Wydawnictwo
WAB, Tytuł oryginału: Paris Revealed, Okładka twarda z obwolutą,
333 s., Moja ocena 5/6
Stephen
Clarke po raz kolejny mnie zadziwił i rozbawił.
Autor
podzielił książkę na 12 rozdziałów, w których przedstawia
prawie całkowity obraz miasta. Portretuje wszystko, co przyjdzie mu
do głowy, a o czym my sami często byśmy nawet nie pomyśleli:
paryskie ulice, ludzi; historię wody (opowiada m.in., jak to kilka
wieków temu woda z Sekwany była używana do pica, bleee); opisuje także
doskonale działające paryskie metro (chociaż wg. niego paryżanie są
tak głupi, że nie zauważają, że ich metro jest w przeważającej
części kolejka naziemną, co samo w sobie przeczy jego założeniu);
wspomina również o tym, z czym miasto najbardziej się kojarzy -
miłości i seksie; przybliża najważniejsze historyczne wydarzenia;
najlepsze targowiska, sklepy i podpowiada, jak odróżnić bardzo
dobre restauracje od złych i jak nie dać się oszukać w sklepie czy
w restauracji; wyjaśnia dlaczego Paryż stał się stolicą mody;
prezentuje filmową karierę miasta oraz daje wskazówki jak obcować
ze wspaniałą sztuką bez przepychanek w tłumie i kolejek i żeby
nie wyjść przed paryżanami na kompletnego głupca. Myślicie, że to
proste? To tylko wam się tak wydaje.
Z
książki dowiemy się także, jakie jest w Paryżu najbardziej
romantyczne i najpaskudniejsze miejsce. Gdzie należy swojej drugiej
połówce powiedzieć kocham cię. Dowiemy się także, dlaczego
paryscy mężczyżni mają zwyczaj sikać na ulicy i czy i dlaczego
uchodzi im to płazem. Dowiemy się także dlaczego paryżanie mają
do jedzenia stosunek wręcz seksualny i co jest największym paryskim
koszmarem (oczywiście dla cudzoziemca).
Clark
udowadnia nam także, że to czego oczekujemy po Paryżu, jako turyści
– romantyzm i historia, to banał i ułuda. Obala więc kilka
naprawdę porządnie w naszej świadomości ugruntowanych mitów dot.

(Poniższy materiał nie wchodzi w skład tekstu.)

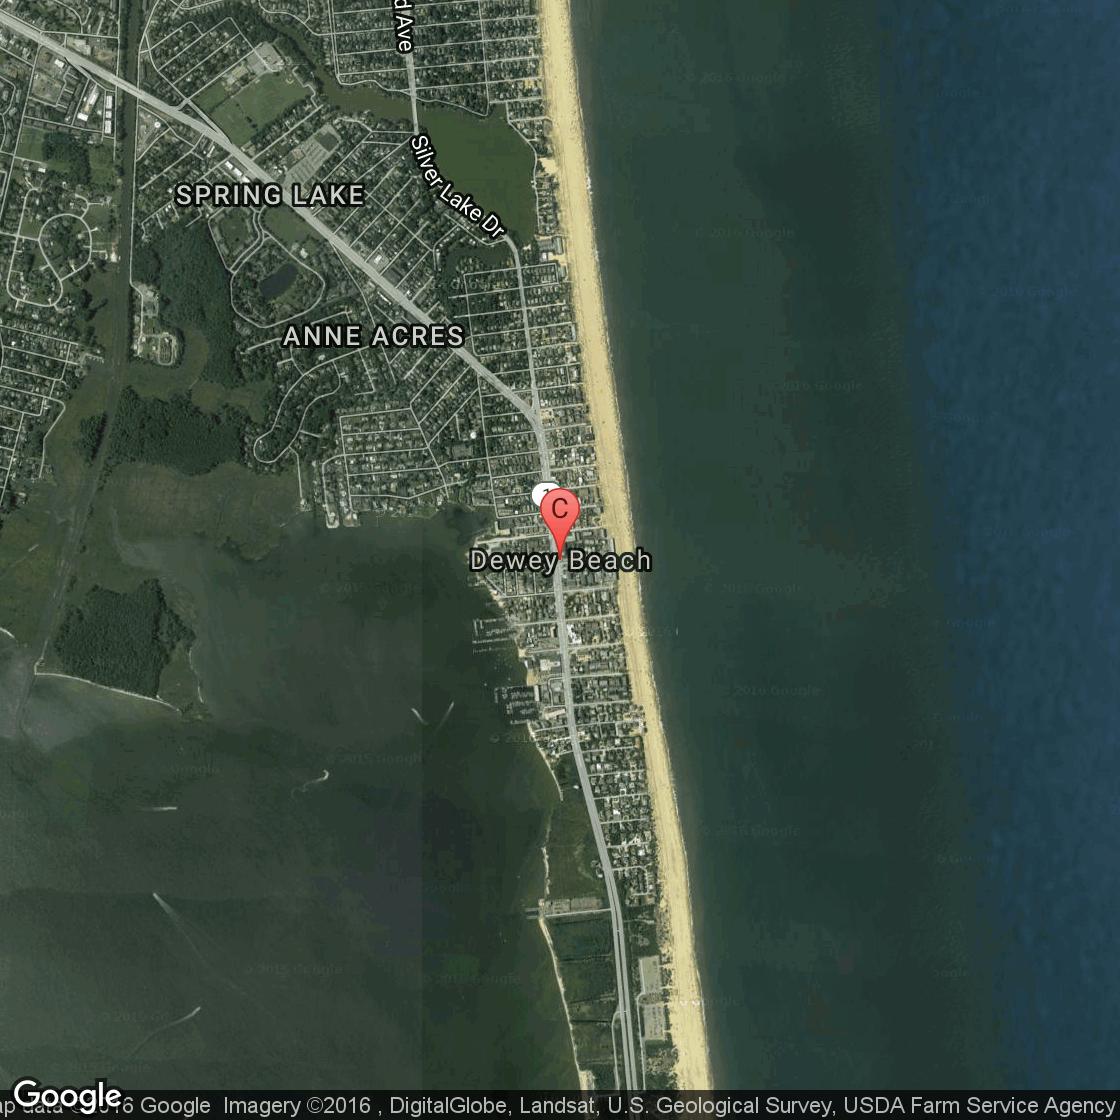 Hotels Near Dewey Beach De

tego miasta. Jak to robi i dlaczego? Tego dowiecie się w trakcie
lektury, a na prawdę warto.
Dla
tych, którzy wybierają się do Paryża, są to niezmiernie ważne
wskazówki. Niby takie drobiazgi, a naprawdę ich nieznajomość
potrafi uprzykrzyć pobyt w stolicy świata, jak miasto nazywają
jego mieszkańcy.
Bardzo
dużo miejsca poświęcił autor wzorcowym wręcz ksenofobicznym
mieszkańcom Paryża, jakimi są...kelnerzy. Dowiadujemy się, co
można (a nie wiele klientowi wolno), a czego nie wolno (tego jest
bardzo długa lista).
Np.
zwykłe przeglądanie menu. Wydawało by się, nie ma nic
prostszego. Autor radzi nam, że w momencie, gdy do stolika podejdzie
kelner z pytaniem, czy już wybraliśmy, zanim odpowiemy twierdząco,
musimy upewnić się, że wszyscy przy stoliku podjęli ostateczną
decyzję. Najmniejszy przejaw wahania z czyjejkolwiek strony będzie
oznaczał, że kłamiemy, a kara za to jest surowa. Najłagodniejsze
będzie wzniesienie przez kelnera oczu do nieba, rzucenie klątwy i
mamrotanie komentarzy o głupich turystach. Następnie kelner zniknie
na kilkanaście minut, podczas gdy my będziemy go bezskutecznie
przywoływać. Przestaniemy po prostu dla niego istnieć.
Jak
powiedział Aleksander Dumas, syn:
Bóg
wymyślił paryżan, żeby cudzoziemcy nie mogli zrozumieć Francuzów.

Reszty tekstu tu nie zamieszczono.